The modified winch shown in Figure 2 serves to displace the rope continuously. Referring to Figure 2, this continuous-type winch comprises a forward assembly 100 and a rearward assembly 102. A fixed support tube 106 surrounds the forward assembly 100 and has the rearward assembly mounted to its free end. The rearward assembly comprises a subsidiary puller jack 112 mounted to the free end of the support tube 106, a main puller jack 110, a wedge assembly 126, a drive jack 128 for wedge assembly 126 and an auxiliary jack or ejector 132, all these being constructed and arranged as the corresponding assemblies 10, 12, 26, 28 and 32 of the winch shown in Figure 1. The forward jack assembly 100 comprises a corresponding structure of subsidiary puller jack 112a mounted to fixed structure, main puller jack 110a, wedge assembly 126a and drive jack 128a.
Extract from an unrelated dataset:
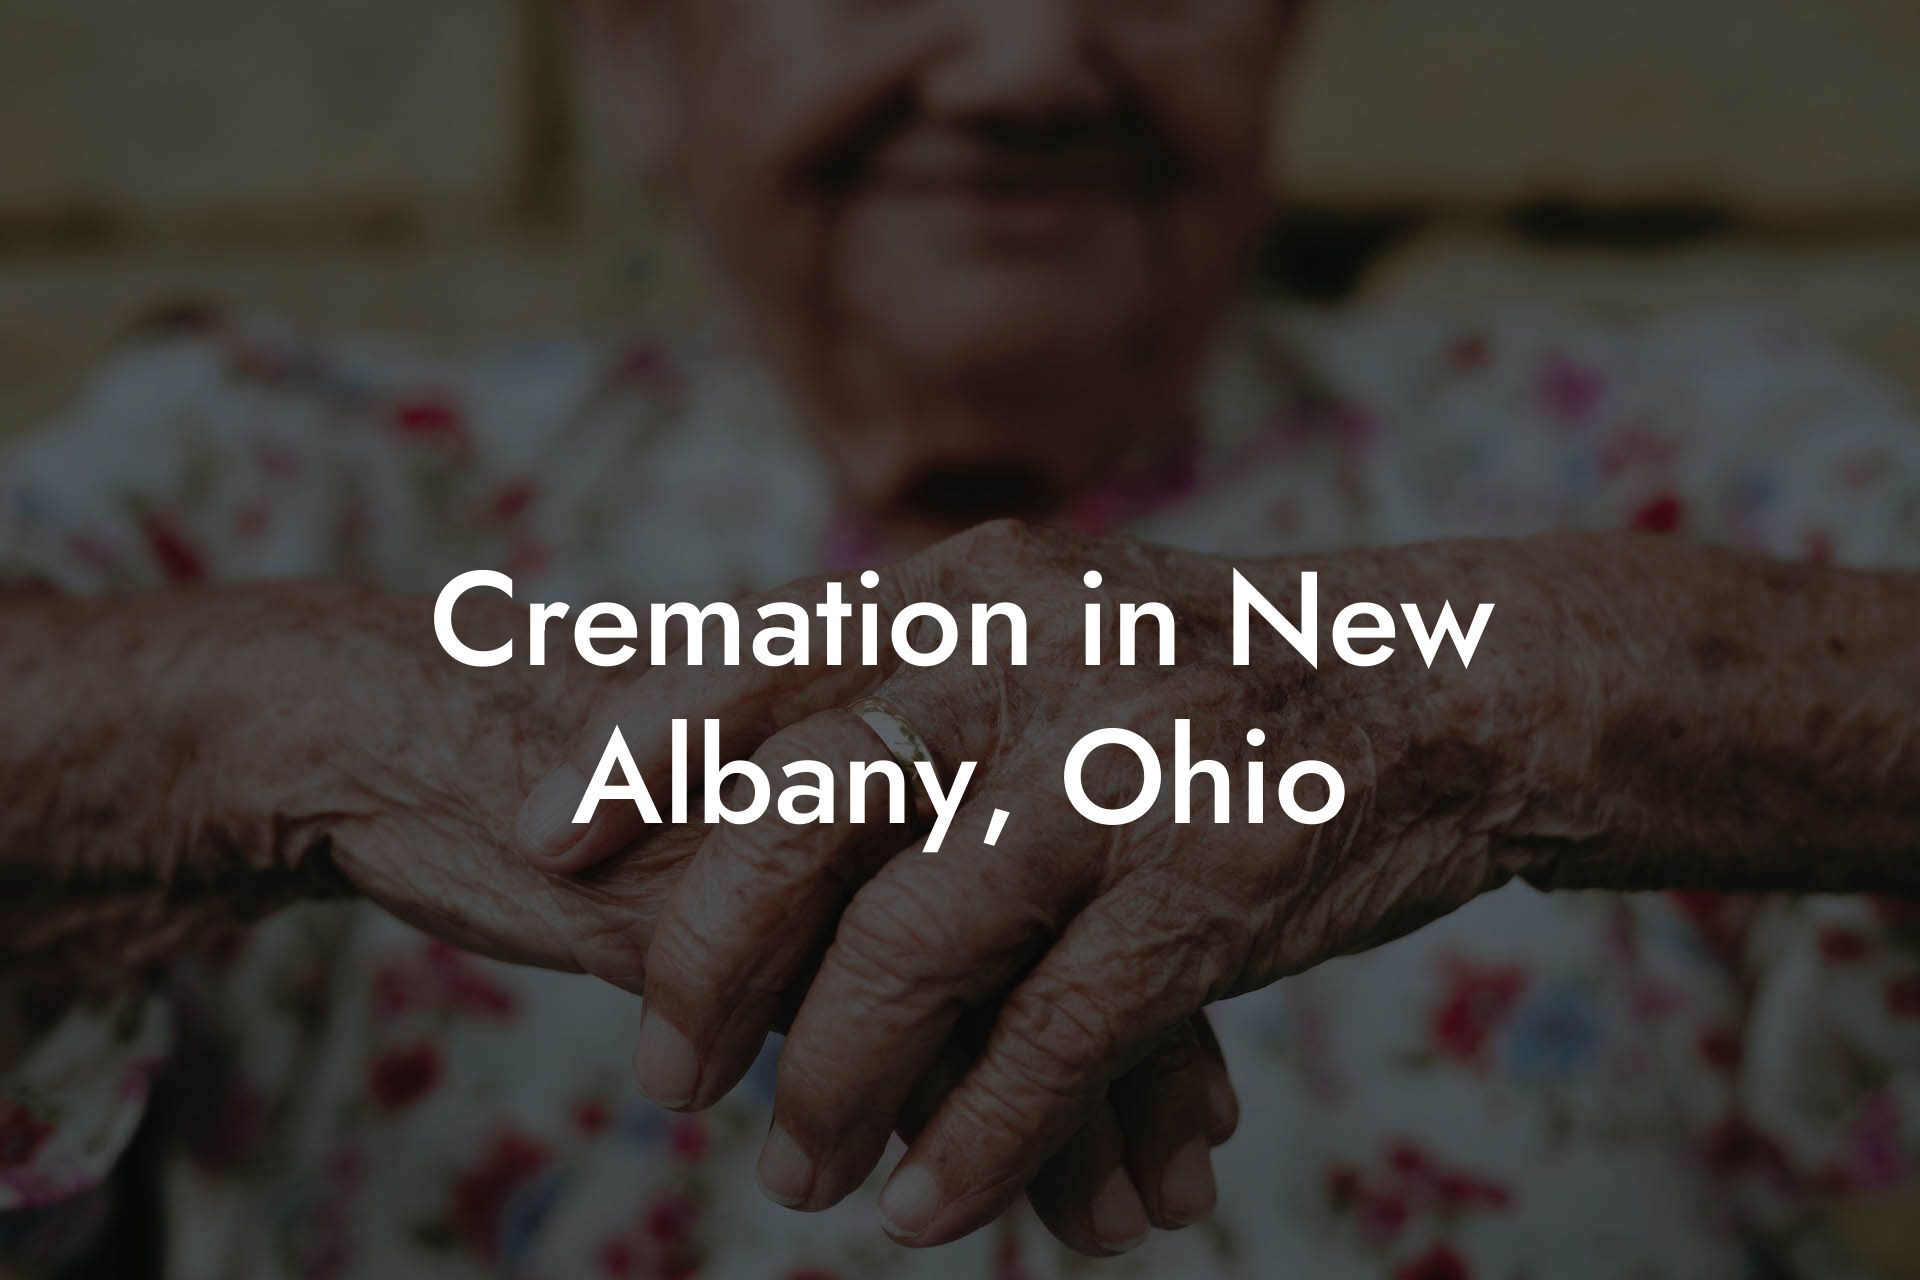 Cremation in New Albany, Ohio

There is no auxiliary jack because the rearward assembly will provide force to dislodge the wedges of assembly 126a should these stick.

In use of the linear winch shown in Figure 2, the forward and rearward assemblies grip and displace the rope alternately with one another to give a continuous displacement of the rope. The relatively slow extending stroke of each subsidiary puller-jack is used, as described above, to assist the wedges of the respective wedge assembly driving home and locating about the rope, before the main puller jack executes its stroke.

Claims (6)

1) A linear winch, comprising a first wedge assembly having a through-passage for receiving a rope and including a wedge arrangement and drive means for linearly displacing the wedge arrangement to cause the first wedge assembly to grip the rope, a second wedge assembly having a throughpassage for receiving the rope and including a wedge arrangement and drive means for linearly displacing this wedge arrangement to cause the second assembly to grip the rope, and drive means for linearly displacing the second wedge assembly linearly relative to the first wedge assembly, which drive means comprises a main drive and a slower subsidiary drive.

2) A linear winch as claimed in claim 1, further comprising a control means arranged to cause operation of the subsidiary drive as the drive means for each wedge arrangement displaces the respective wedge arrangement into gripping relationship with the rope, the displacement caused by the subsidiary drive being in a direction to assist in applying the respective wedge arrangement to the rope.

3) A linear winch as claimed in class 2, in which the control means causes operation of the main drive after said operation of the subsidiary drive.

4) A linear winch as claimed in any preceding claim, arranged to effect intermittent displacement of the rope with the first wedge assembly gripping and holding the rope still as the second wedge assembly executes a return movement, whereafter the second wedge assembly takes over the gripping function before executing a stroke.

5) A linear winch as claimed in any one of claims 1 to 3, arranged to effect continuous displacement of the rope with each wedge assembly in turn gripping and displacing the rope whilst the other wedge assembly executes a return movement.

6) A linear winch substantially as herein described with reference to Figure 1 or Figure 2 of the accompanying drawings.